D'abord, on part d'un paradigme éprouvé. Le test Machines à sous est adapté du protocole publié par Daw et al. en 2006 et rejoué récemment par Zhang et al. en 2025. Il met le candidat face à un environnement de décision séquentielle où la qualité des options change continûment, et où le changement suit certes une règle humaine, mais quasiment impossible à deviner.

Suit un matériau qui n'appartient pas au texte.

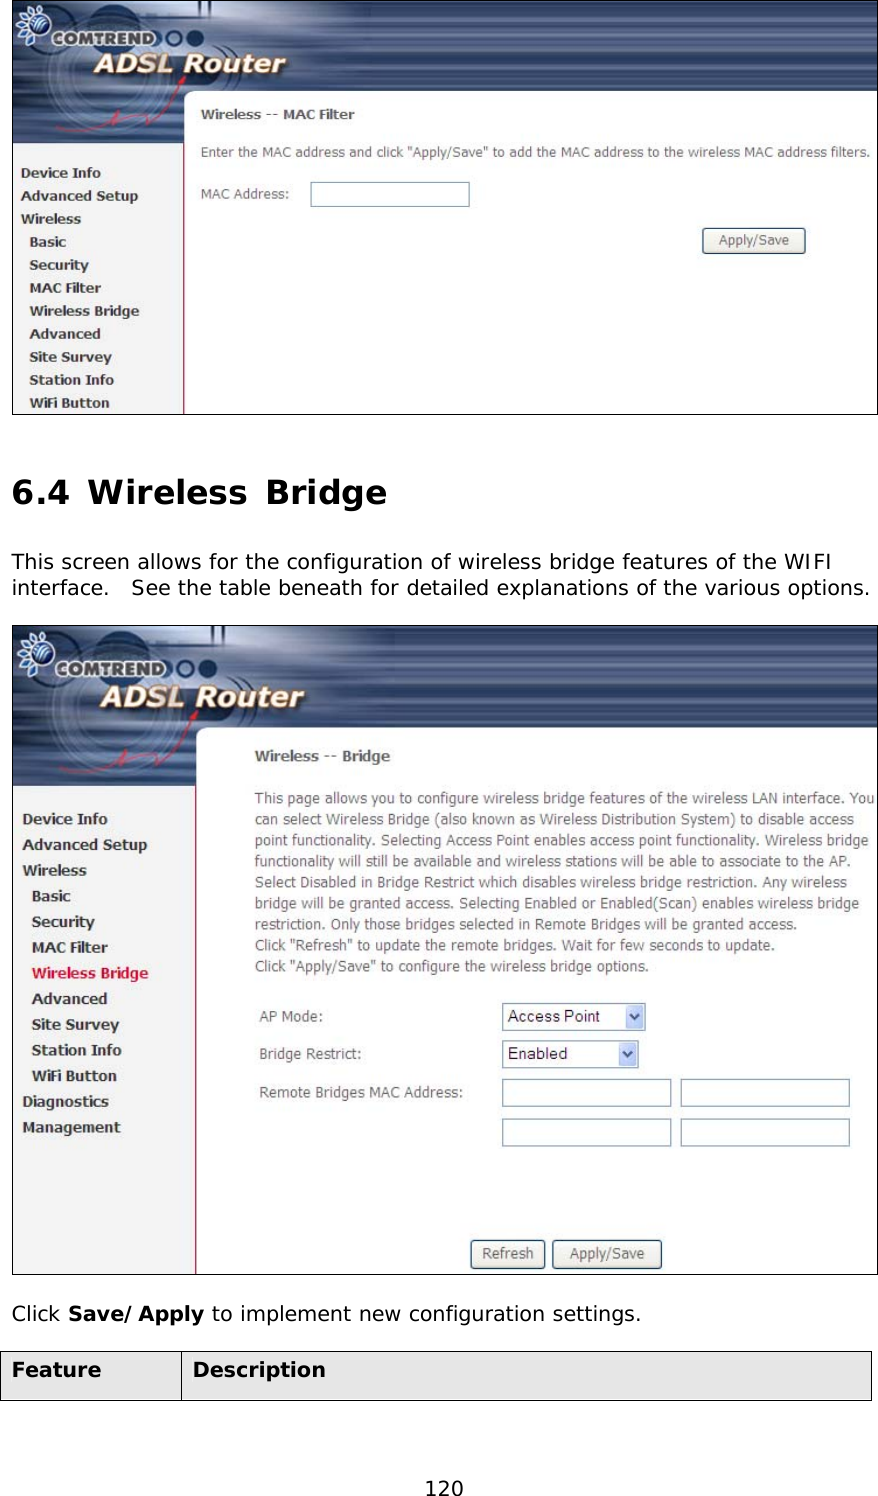  120  6.4 Wireless Bridge This screen allows for the configuration of wireless bridge features of the WIFI interface.  See the table beneath for detailed explanations of the various options.    Click Save/Apply to implement new configuration settings.   Feature  Description 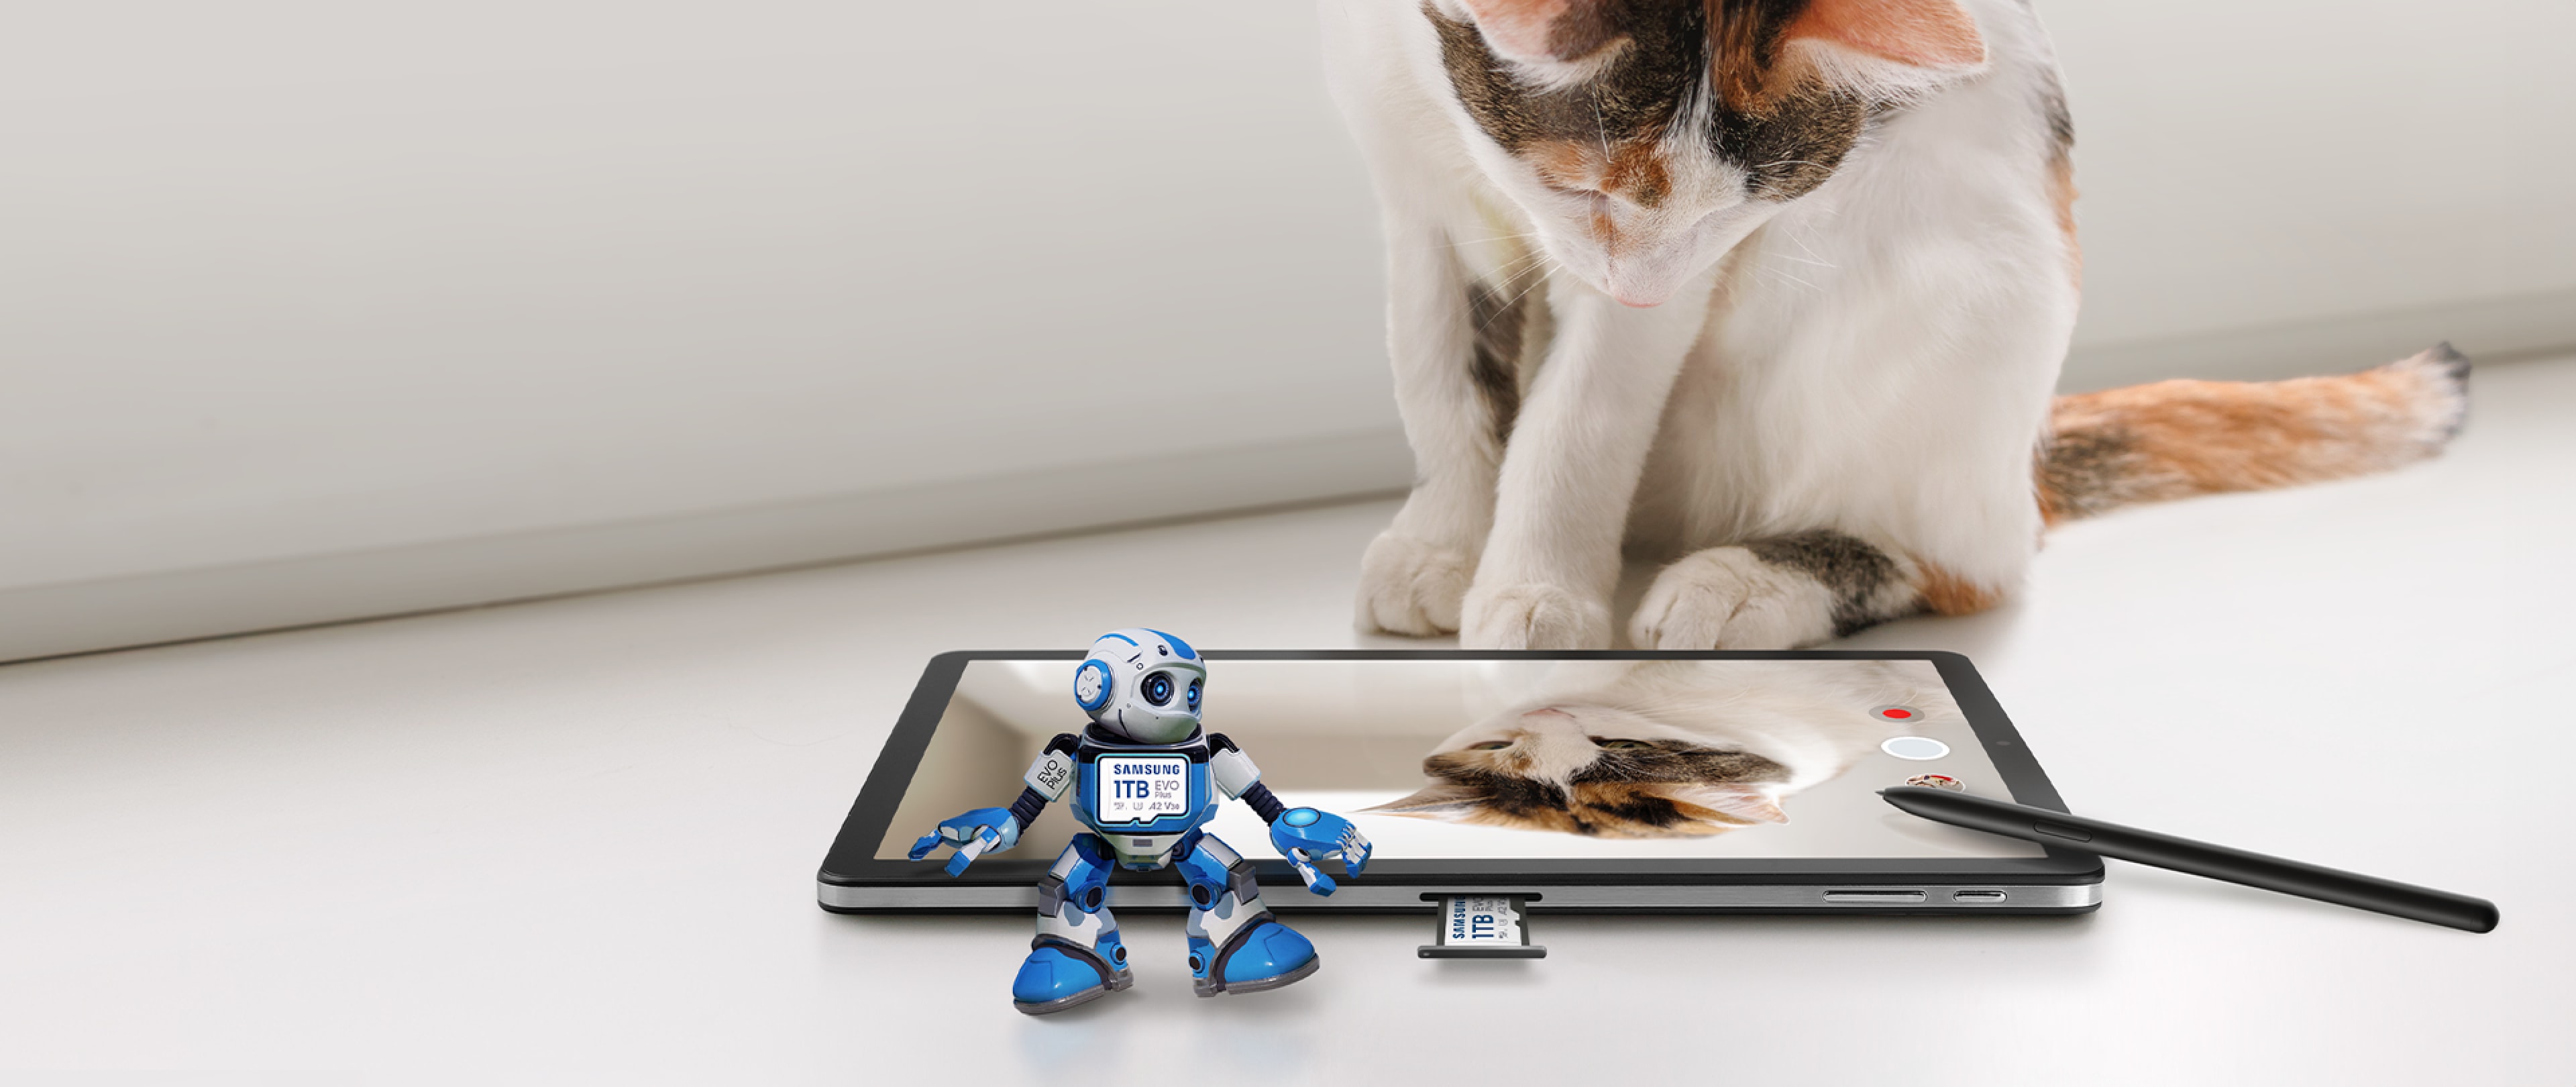 There are cats, tablets, and Samsung EVO Plus robot characters.

Le format a été validé sur des dizaines de configurations dans la recherche académique.
Ensuite, on confronte ce paradigme aux modèles récents. Avant qu'un test ne soit présenté à un candidat humain, on le rejoue contre Claude, GPT, Gemini dans des conditions documentées et contrôlées. C'est la seule manière de savoir où l'écart humain-IA se cristallise sur les modèles que les recruteurs et leurs candidats ont sous la main. Les benchmarks pour Machines à sous sont en cours de mesure (calibration mai 2026).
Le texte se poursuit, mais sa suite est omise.